At a recent Criticaleye Discussion Group, Members exchanged their views on the current and future impact of AI on the HR function and examined some of the issues that the technology has yet to overcome. 

Alan Bannatyne, CFO of Robert Walters, commented: “The current artificial intelligence debate tends to concentrate on the ability to make recommendations based on data analysis. This, ultimately, is a series of equations written by humans. My understanding of AI is that it should be a step beyond that.

“There is another level of debate around what happens when the equations start to write their own equations. This is, for many, the true nature of AI, and it is often overlooked when the topic is discussed.”

Lee Nicholls, Senior Advisor and Non-executive Director at MThree Consulting, and former Bank of America, EMEA Technology CTO, said: “Google’s Deep Mind AI played the world champion at the board game ‘Go’. During the competition, the computer played a move, the now famous 'Move 37', that all the human experts predicted would lose it the game, but it did the exact opposite – it went on to win.”
 
According to Lee, the computer had got to a learning point where it had disrupted previous patterns and found something that everybody else had failed to see. He continued: “True AI is when a computer comes up with new patterns, new insights and new intelligence that it is then able to put into action. We are at the beginning of the exponential growth in AI, and it will be truly disruptive to industry.”
 

People and Performance 

The impact of AI on the HR function, as well as the workforce itself, remains a hotly-debated topic. Sundaya Sahans, Associate Partner, Talent & Engagement at IBM, said: “AI can be used to improve transparency within a business, meaning that HR programmes, for example, are completely open and visible to all. 

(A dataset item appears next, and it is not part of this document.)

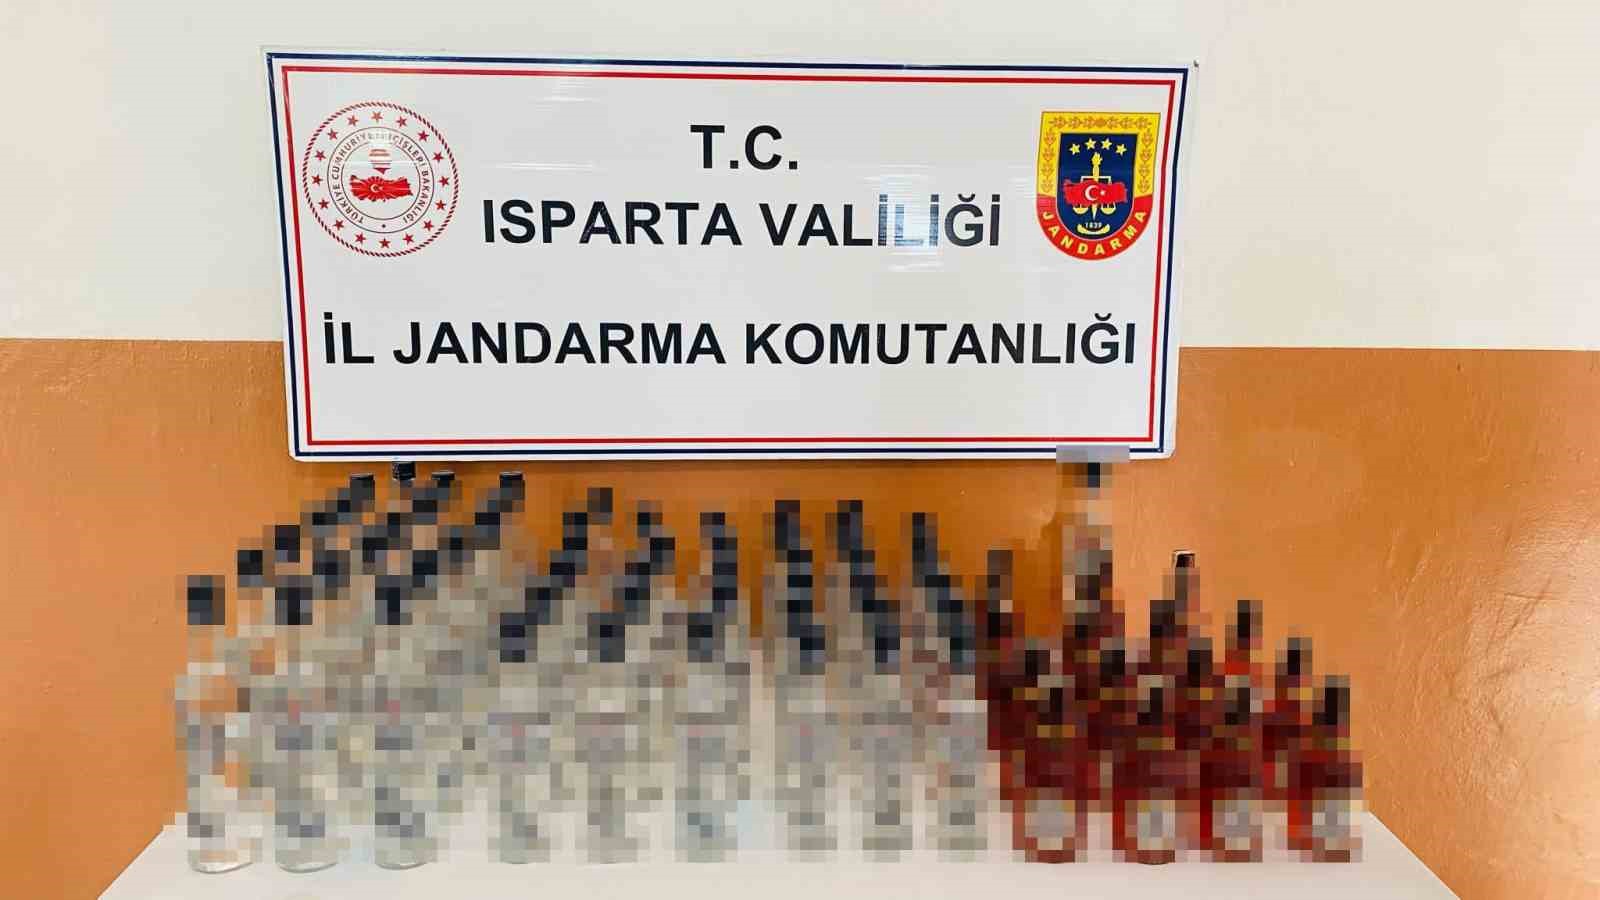 Satılmak üzere Isparta’ya getirilen 211 litre kaçak içki ele geçirildi

“It allows the HRD to move away from guesswork and offer objective advice on, for instance, what skills are needed to operate effectively in the market. This prompts meaningful discussions as you have hard facts in front of you.”

Tracey Hahn, former HRD of Old Mutual Wealth, added: “When it comes to encouraging AI learning in an organisation, you have to make sure that culture change is underpinning it. It is important to have the HR hardwiring in place, such as the promotions and reward process. This all needs to point in the same direction and support the learning strategy consistently.” 

AI can also be used to provide a better of understanding of your customer. Anne Philpott, HR Director for M&G Prudential, explained that this should be used to help shape products and services.  

“Having some insights into customer behaviour, and what they require from us, will influence how we develop products and how our fund managers invest,” she said. “This sometimes requires businesses to overcome a sense of ‘they know best,’ because a lot of companies will deliver what they think the customer needs. Richer insights will lead to a better customer offering.”


An Ethical Approach 

Putting to one side the more Hollywood-esque speculations about AI gone rogue, there are genuine concerns about the governance and controls that are put around this technology, as well as the potential to cause mass unemployment, especially for those in highly-repetitive, process-heavy labour. 

Sundaya commented: “This notion that AI will take jobs is not correct. It is about helping people to make smarter decisions. It is guiding people away from guesswork and towards fact-based decision making – this strengthens the HRD’s position within a company.”

She argued that, for all it’s potential to improve business performance, “there has to be a code of ethics when using AI, to ensure that integrity, data and security are safeguarded. There must be a policy that makes it plain that AI requires its own code of conduct”.

Attendees at the Discussion Group agreed with the need for strong oversight due to the dangers. As Alan concluded: “In the recruitment sector today, computer software has the ability to scan job adverts and identify words within those adverts that could have an inherent gender bias. 

“However, there is a real risk that true AI, that is learning from human behavioural patterns, will end up with its own innate biases.”